Some Native Americans Against Wolf Hunting

By KBJR News 1

October 18, 2012 Updated Oct 18, 2012 at 11:56 PM CDT

Solon Springs, WI (Northlands Newscenter) - Wisconsin Wolf's hunting season is in its fourth day and the Department of Natural Resources hopes it will help with wolf management.

But some in the Native American community feel the state is not respecting their values and religious beliefs.

The debate continues over the recent Wolf Hunting season in Wisconsin.

"I think it should be banned altogether," Tony DePerry, a Solon Springs community member, said.

"We support the idea of the hunting season," Adrian Wydeven, a carnivore specialist for Wisconsin DNR, said.

This week is wolf awareness week and coincidentally, it's also the opening of Wisconsin's wolf ever wolf hunting season.

Some members of the Native American community feel their efforts to preserve the wolf population have been ignored.

"What is making me most upset is the idea that they opened the season without informing us.
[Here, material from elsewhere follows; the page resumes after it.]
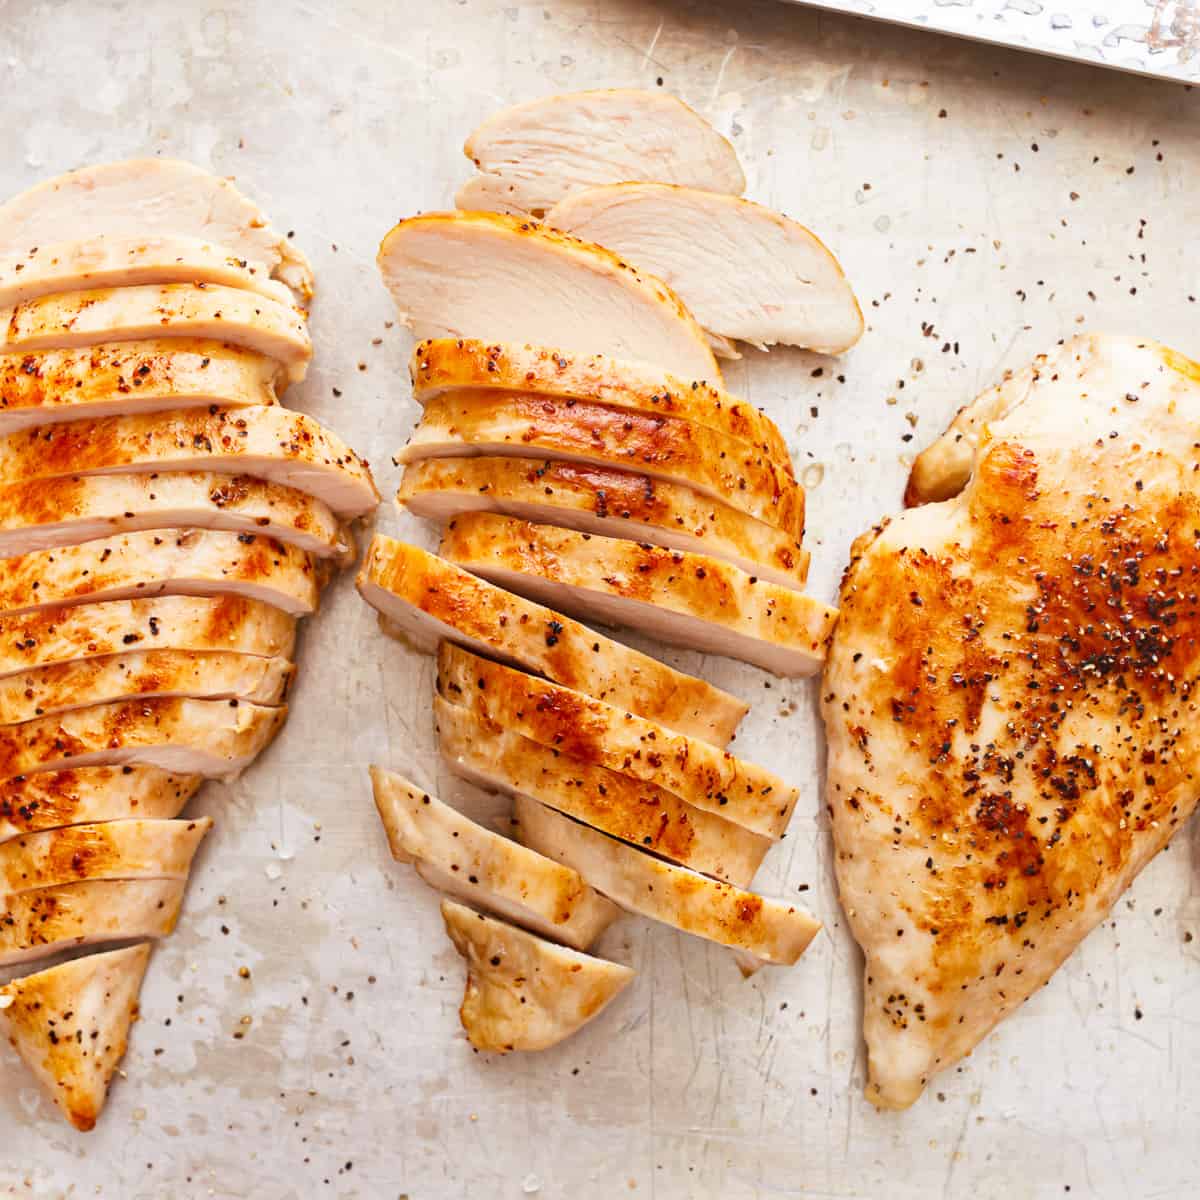 Pan Seared Oven Baked Chicken Breasts - 101 Cooking For Two

They say they did, but they didn't until the last minute," DePerry said.

Tony DePerry says wolves have ceremonial significance to his community and he is concerned about what he sees as an already low population.

"They don't want to listen to our ways of life. They don't want to listen to it," DePerry said.

"The fact that we have a hunting season indicates that the population is doing very well. The hunting season will be one of the ways we manage problems and reduce conflicts," Wydeven said.

There are roughly 850 wolves in the state of Wisconsin and Tony believes more than one quarter of those will be gone this hunting season.

"I'm going to be blunt. You know. we don't need to go out there and show off to say, hey I done it, we done it...But what do you do with it when you're done with it?" DePerry said.

DePerry is concerned that hunters are pursuing the sport and trophy status versus utilizing the meat and other contributions from the wolf.

"I want respect. I want them to leave those animals alone to say, hey, look what we’ve done,” DePerry said.

State DNR officials say because of the growing wolf population, under story plants, deer herd and trout stream conditions have improved.

The state removed the wolf from its list of endangered and threatened species list in 2004.